Use Microsoft Edge's online text-to-speech service from JS code directly!

License

Notifications You must be signed in to change notification settings

ericc-ch/edge-tts

Repository files navigation

Edge TTS

A TypeScript library for generating speech using Microsoft Edge's text-to-speech API

Generate speech from text using Microsoft Edge's text-to-speech service.
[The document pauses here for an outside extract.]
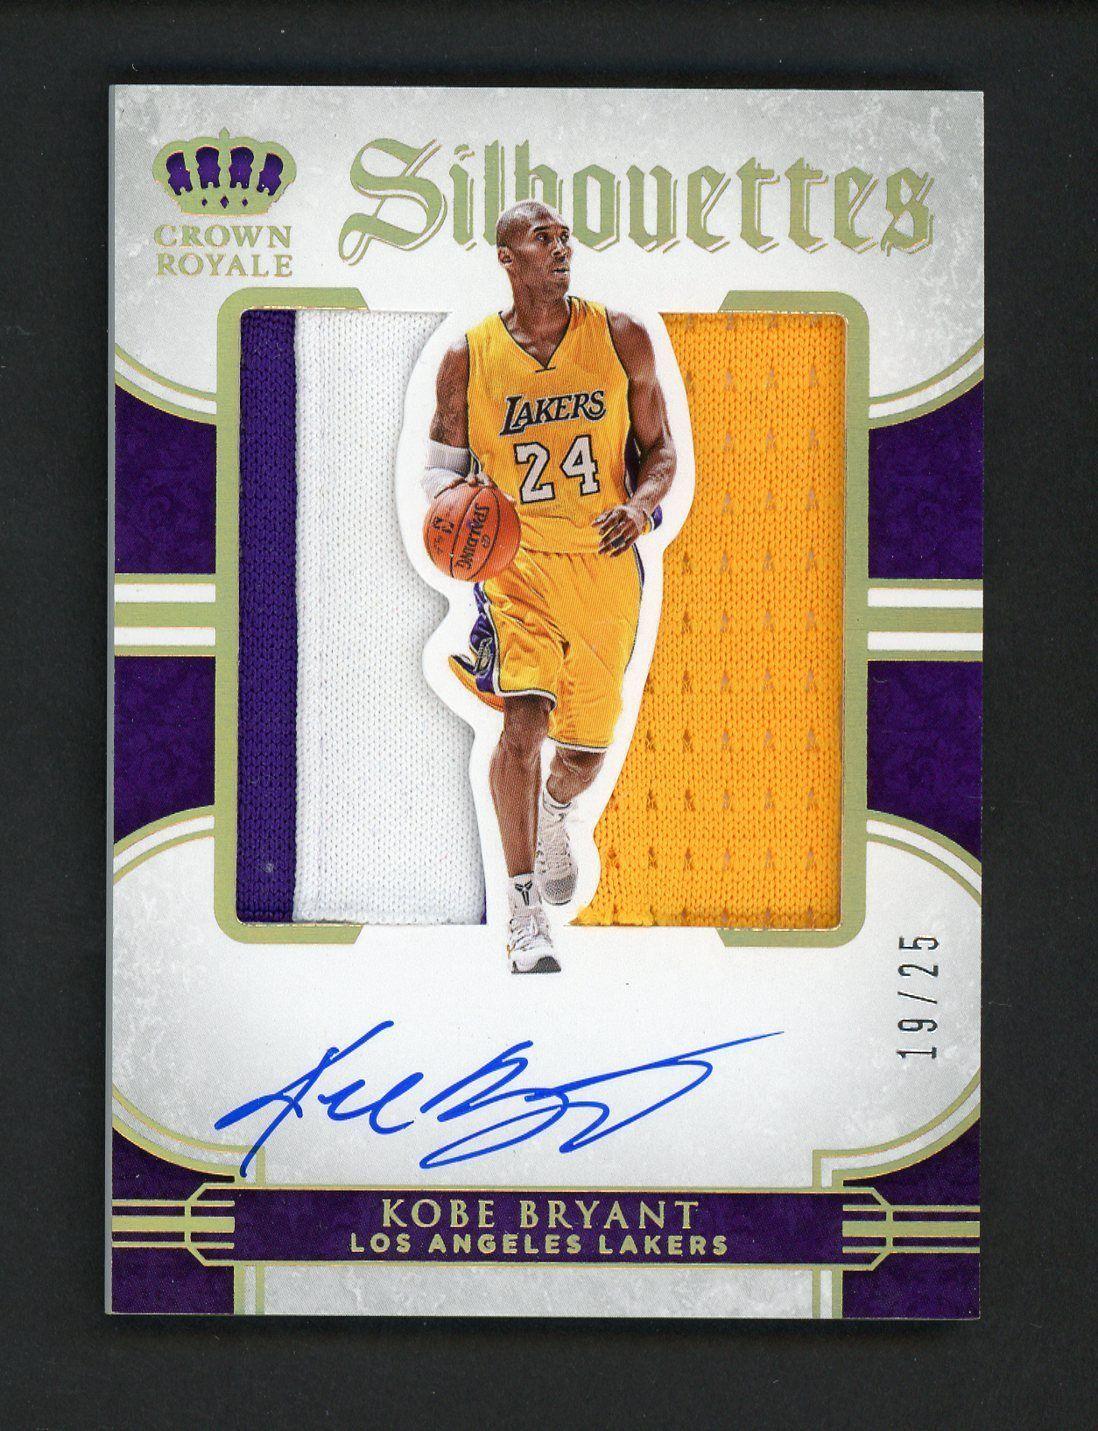 Sportsmemorbilia 2015 16 Preferred Silhouettes Kobe Bryant Lakers Jumbo 3 Color Patch Auto 19 25 Colle Basketball Cards Kobe Bryant Los Angeles Bryant Lakers

This library provides access to Edge's TTS capabilities with subtitle generation support and voice customization options.

Installation

npm install @echristian/edge-tts

CLI Usage

# List all available voices grouped by locale
npx @echristian/edge-tts voices

# Generate audio from text
npx @echristian/edge-tts synthesize "Hello world" --audio output.mp3 --voice en-US-AvaNeural

# Generate audio with subtitles
npx @echristian/edge-tts synthesize "Hello world" --audio output.mp3 --subtitle output.srt --voice en-US-AvaNeural

API Usage

import { synthesize, synthesizeStream, getVoices } from "@echristian/edge-tts";

// Get available voices
const voices = await getVoices();
console.log(voices); // Array of available voice options

// Basic usage with synthesize()
const { audio, subtitle } = await synthesize({
  text: "Hello, world!",
});

// Stream processing usage
const generator = synthesizeStream({ text: "Hello world" });
for await (const chunk of generator) {
  // chunk is a Uint8Array of raw audio data
  // Process or save each chunk as needed
}

// Collecting all streamed chunks
const chunks: Uint8Array[] = [];
for await (const chunk of synthesizeStream({ text: "Hello world" })) {
  chunks.push(chunk);
}

API

getVoices(): Promise<Array>

Returns an array of available voices with their properties.

Voice Object

Property Type Description
Name string Full name of the voice
ShortName string Short identifier for the voice
Gender string Voice gender (Male/Female)
Locale string Language code and region
FriendlyName string Display name for the voice

synthesize(options): Promise

Main function to generate speech from text.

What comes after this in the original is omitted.